Precision Measurements Offer Clues to Magnetar’s Cosmic Origin

An international team of astronomers have used a powerful array of radio telescopes to discover new insights about a magnetar that’s only a few hundred years old. By capturing precise measurements of the magnetar’s position and velocity, new clues emerge regarding its developmental path. 

When a relatively high-mass star collapses at the end of its life and explodes as a supernova, it can leave behind a superdense star called a neutron star. Extreme forces during its formation often cause neutron stars to spin very rapidly, shining out beams of light like a lighthouse. When that beam is aligned such that it is visible from Earth, the star is also called a pulsar. And, when a neutron star forms with fast pulsar-like spin and a magnetic field thousands of times stronger than a typical neutron star, it’s given the designation magnetar. These stars pack roughly double the mass of our Sun into a physical size on the scale of tens of kilometers the size of a city. 

Even though there are many similarities between neutron stars, pulsars, and magnetars, astronomers are still puzzled by what conditions cause these extreme stars to evolve onto such distinct paths. 

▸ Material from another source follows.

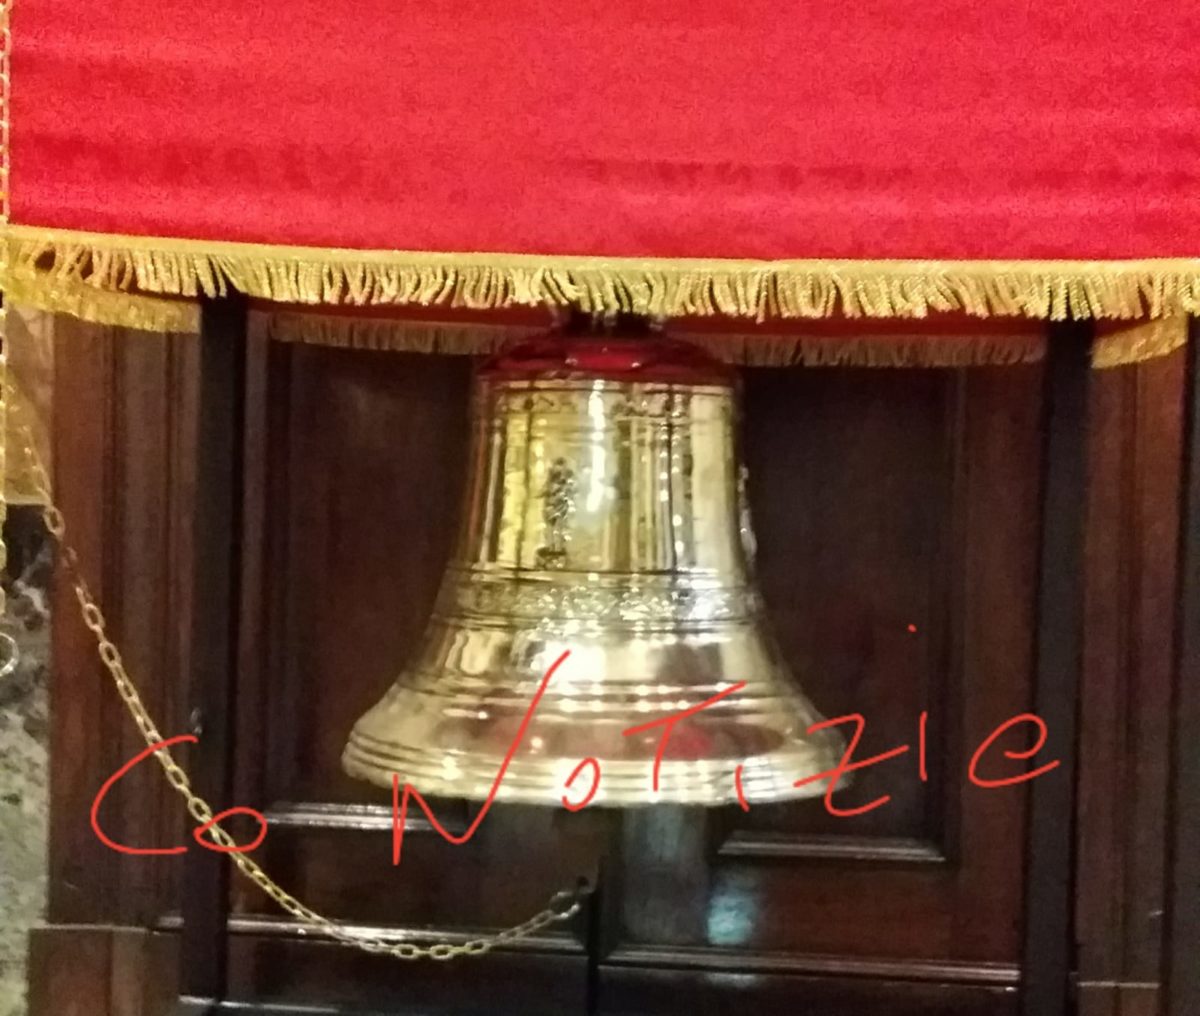 . Ritrovata a Corbetta un'antica campana. Al via i lavori del tetto della chiesa corbettese e nuove nomine per il parroco di Vittuone - 09/05/2019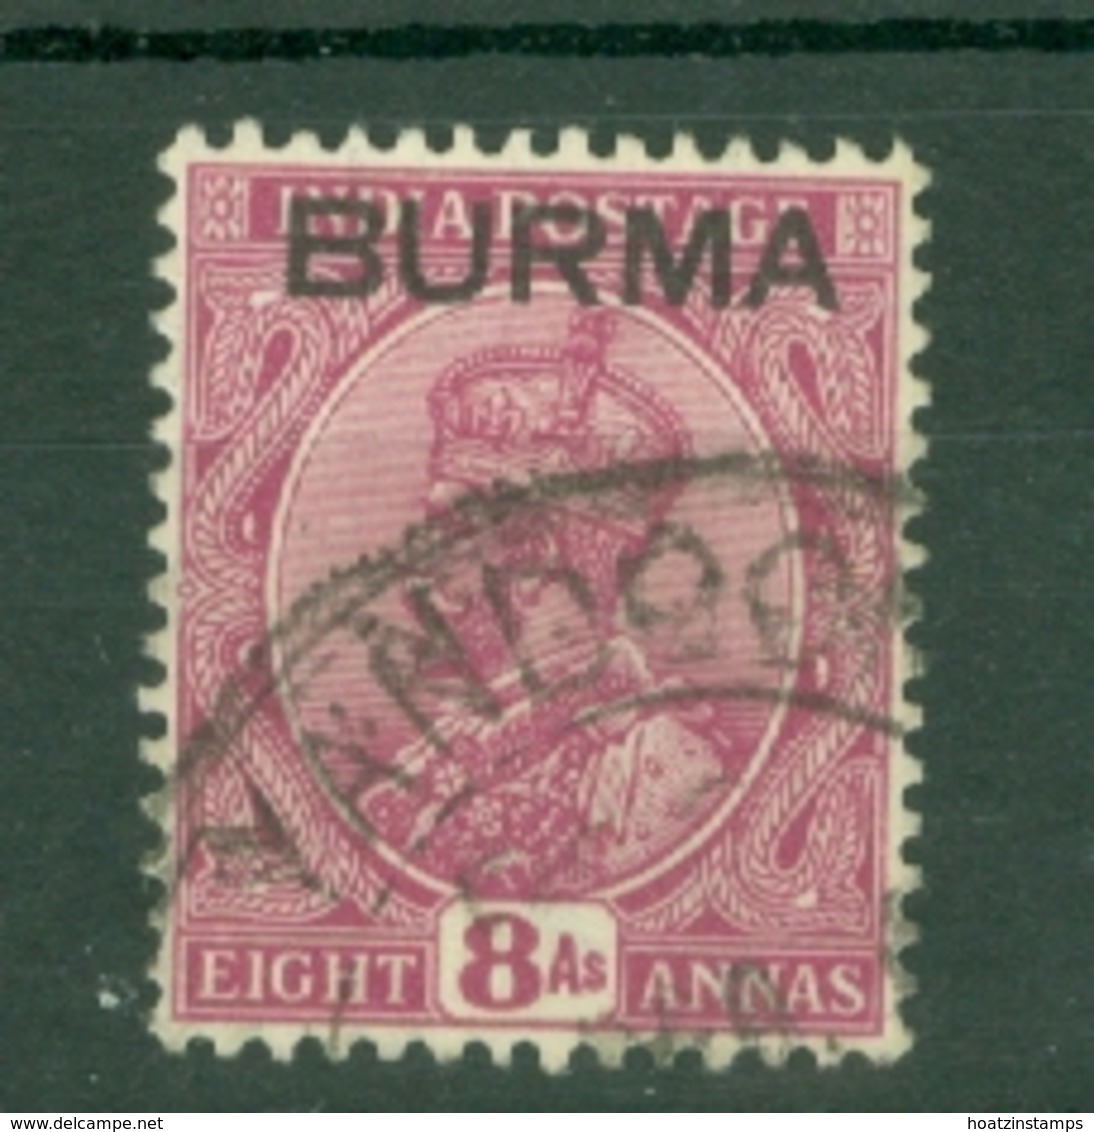 Burma: 1937   KGV 'Burma' OVPT    SG11     8a    Used - Burma (...-1947)

Now, a team of astronomers led by Hao Ding of the Mizusawa VLBI Observatory, National Astronomical Observatory of Japan, have used the U.S. National Science Foundation (NSF) National Radio Astronomy Observatory’s (NRAO) Very Long Baseline Array (VLBA) to determine key characteristics of a newly-discovered magnetar to unprecedented levels of precision.

At present, there are 30 confirmed magnetars, but only 8 of these are similar enough to be relevant to this study. Ding and his team used the NSF VLBA over a period of 3 years to collect data on the position and velocity of the magnetar Swift J1818.0-1617, which was discovered in early 2020.  Swift J1818.0-1617 is believed to be the youngest discovered thus far, and it is the fastest-spinning magnetar, rotating with a spin period of 1.36 seconds.

Swift J1818.0-1617 is located in the constellation Sagittarius. Situated on the other side of the central galactic bulge—within the Milky Way galaxy—and only 22,000 light years away, its position is relatively close to Earth. Close enough, in fact, to utilize the parallax method to accurately determine its three-dimensional location within the galaxy. (The parallax method calculates distance by using the apparent change in an object’s position with respect to known, distant background objects.)

The lifespan of a magnetar is unknown at this time, but astronomers estimate that Swift J1818.0-1617 is only a few hundred years old. A magnetar’s bright x-ray emissions necessitate a mechanism of extremely high energy outflow; only the rapid decay of its intense magnetic field can explain the power behind these spectral signatures. But that, too, is an extreme process. For ordinary stars on the main sequence, bright blue stars live very short lives because they burn through their fuel far faster than their yellow siblings. The physics is different for magnetars, but they, too, likely have shorter lifespans than their pulsar relatives. “Magnetars are very young, because they cannot continue giving off energy at this rate for very long,” Ding explains.

In addition, magnetars can also exhibit emissions at the low end of the electromagnetic spectrum—in radio wavelengths. For these, synchrotron radiation from the magnetar’s fast spin is likely the energy source. In synchrotron radiation, plasma surrounding the neutron star itself is so tightly wrapped against the star’s surface that it rotates at very nearly the speed of light, generating emissions in radio wavelengths. These radio emissions were then detected by the NSF VLBA over three years of observations.

“The VLBA provided us with superb angular resolution for measuring this teeny-tiny parallax,” Ding says. “The spatial resolution is unparalleled.”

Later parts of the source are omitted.